The most offensive measure in the bill is the call for oil drilling in Alaska’s Arctic National Wildlife Refuge, which would jeopardize a fragile, pristine ecosystem by bringing in heavy machinery and an infrastructure supporting drilling crews. While Senate Democrats promise to filibuster, it should not come to this.
The energy bill provides $8.1 billion in tax breaks in the next decade, most of which will benefit coal, nuclear and natural gas providers – not the renewable energy industry. Republicans also defeated a measure to increase fuel efficiency standards in the next decade, effectively condemning Democrats’ efforts to add some redeeming conservation measures to the bill.
The bill also shields the makers of MTBE, a gasoline additive that has contaminated drinking water, from any product liability suits and even gives it $2 billion for transition costs as the dangerous chemical is phased out. When chemical companies are not held accountable for their actions that harm people, the public stands to become one big guinea pig for an arsenal of potentially harmful agents.
In a sorry attempt to seem environmentally friendly, the bill requires billions more gallons of ethanol to be used as a gasoline additive. Unfortunately, this farmers’ subsidy just shifts the burden of pollution from cars to ethanol plants and does nothing but use our fossil fuels in producing ethanol instead of powering cars – nothing is gained there.
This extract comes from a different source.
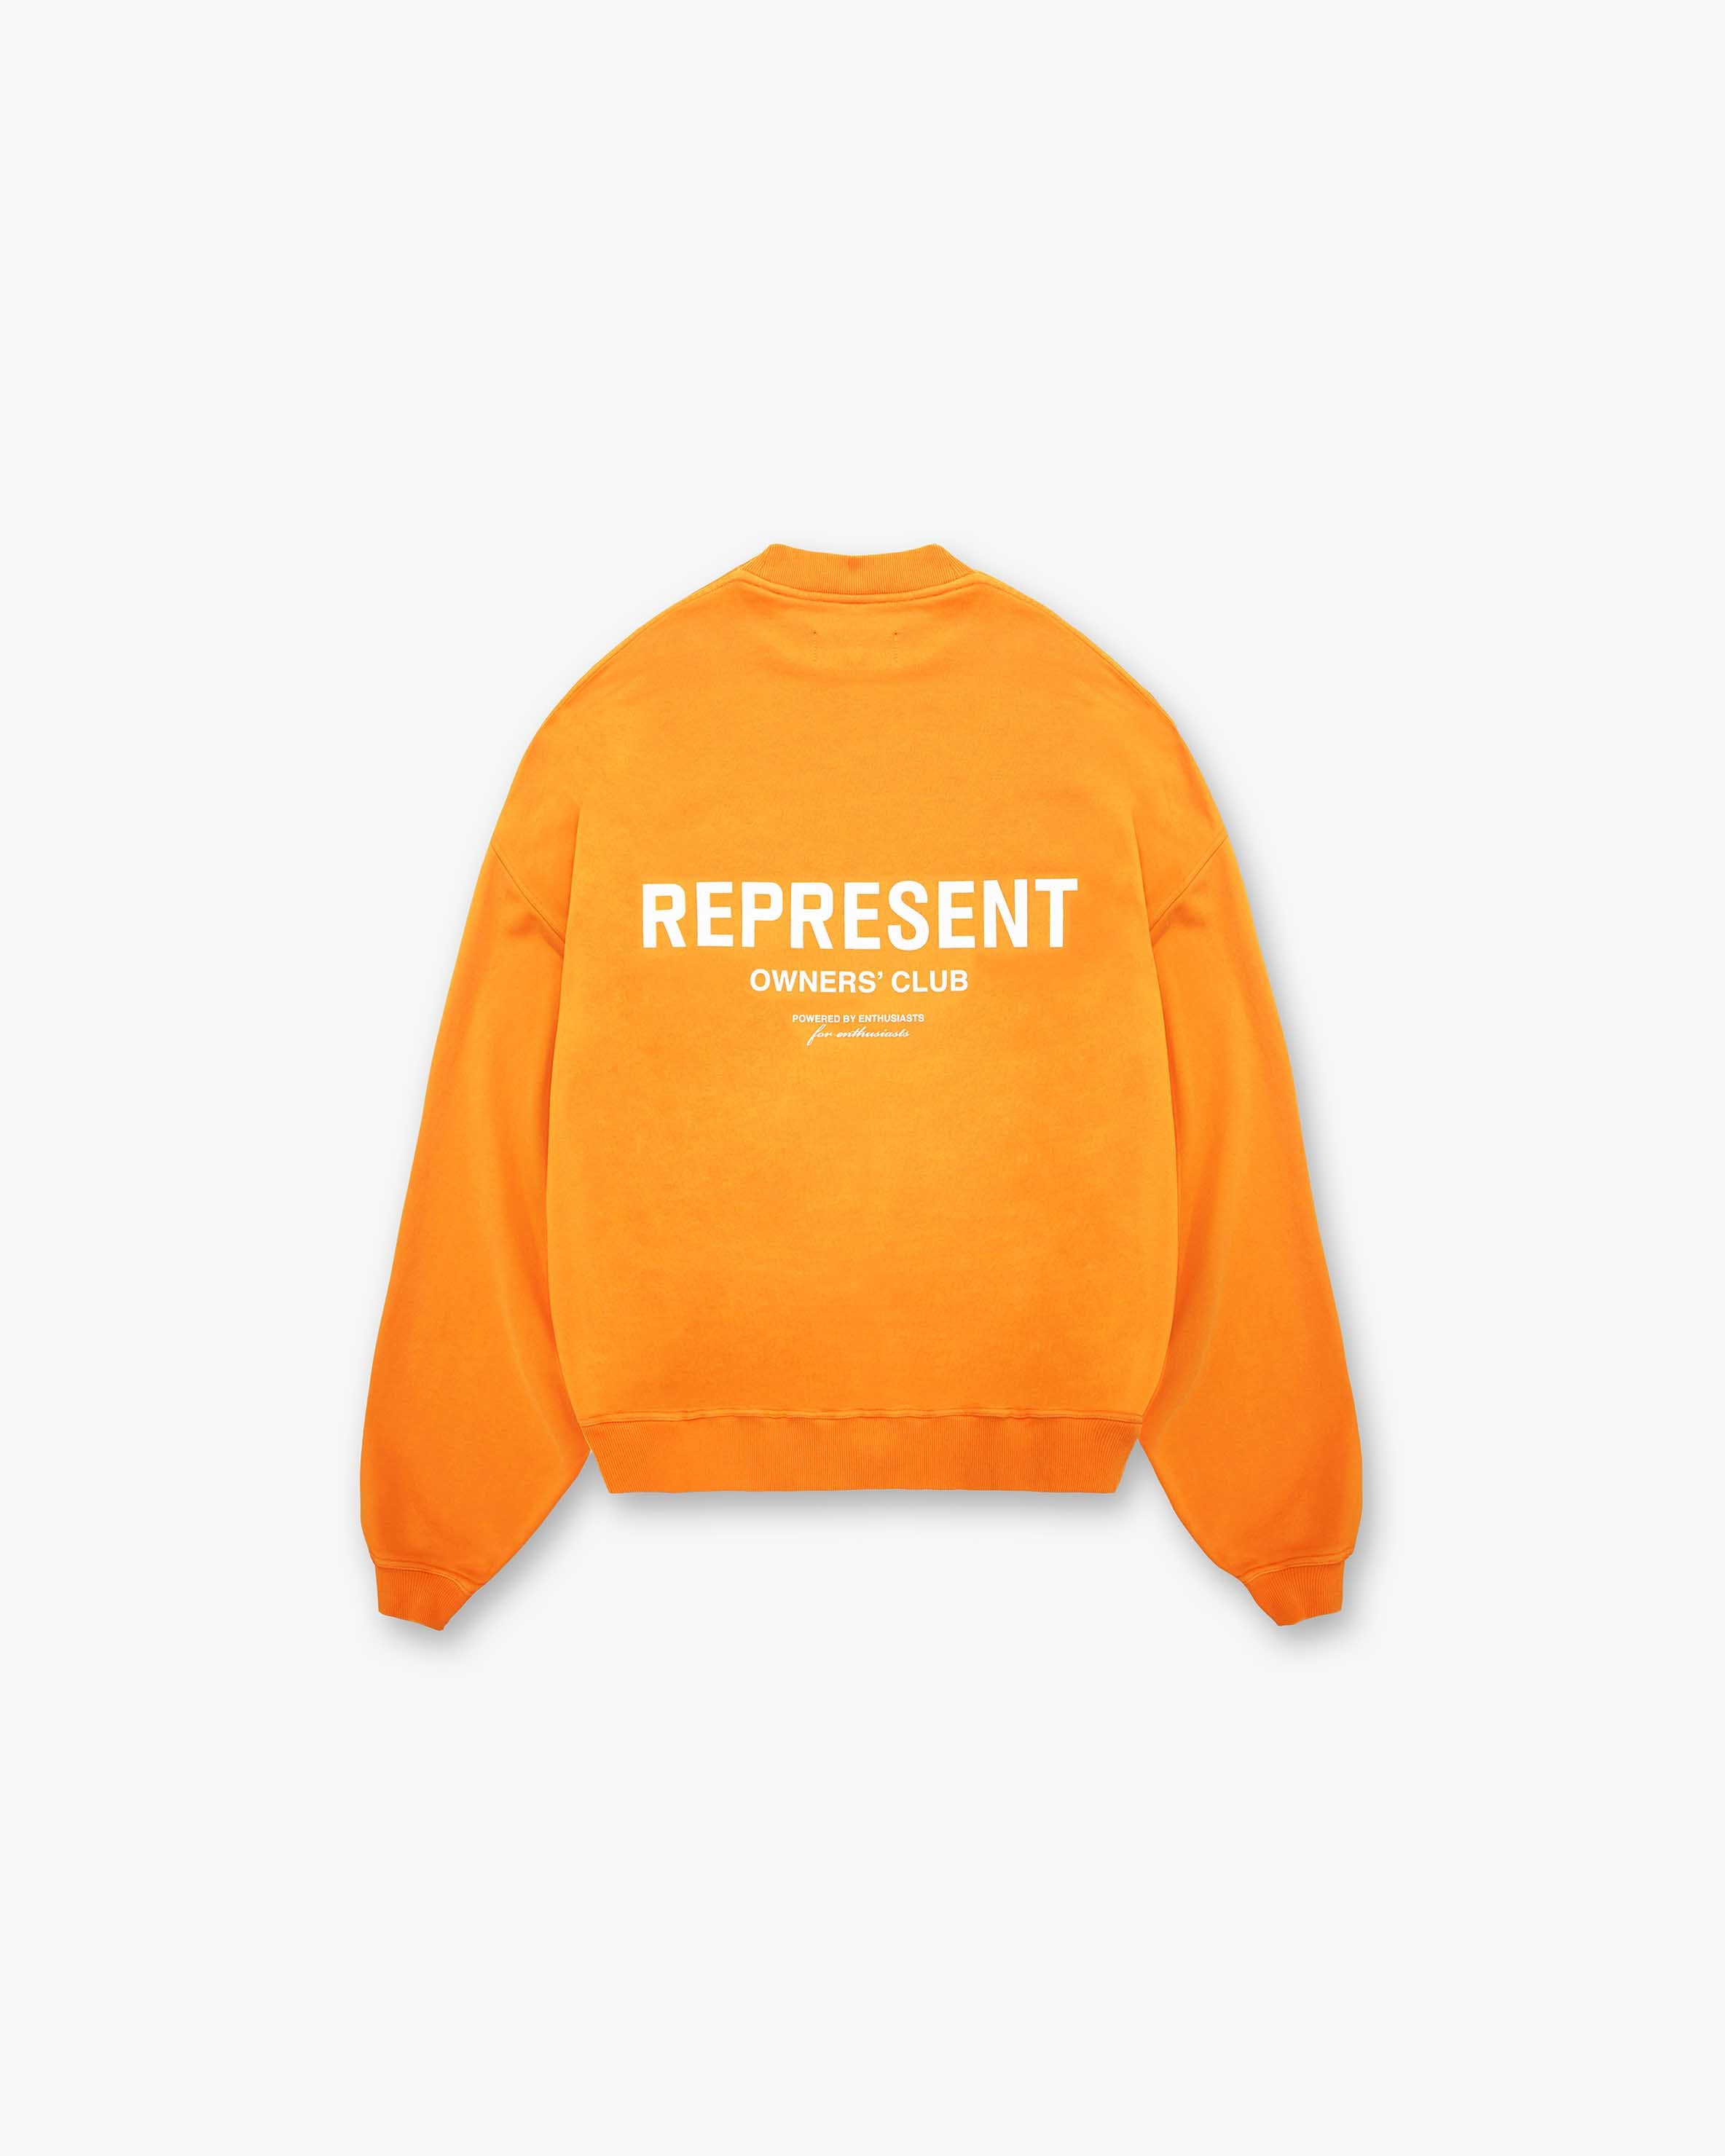 Represent Owners Club Sweater | Neon Sweaters Owners Club | Represent Clo

This bill does nothing to fix this country’s energy crisis; the House only seems intent on providing economic incentives to its energy-company friends. Gas prices will not go down; lawmakers will not encourage conservation as a viable way to reduce dependence on foreign oil. House Republicans are driving this country to hell in a petroleum-fueled handbasket faster than the Democrats can say “filibuster.”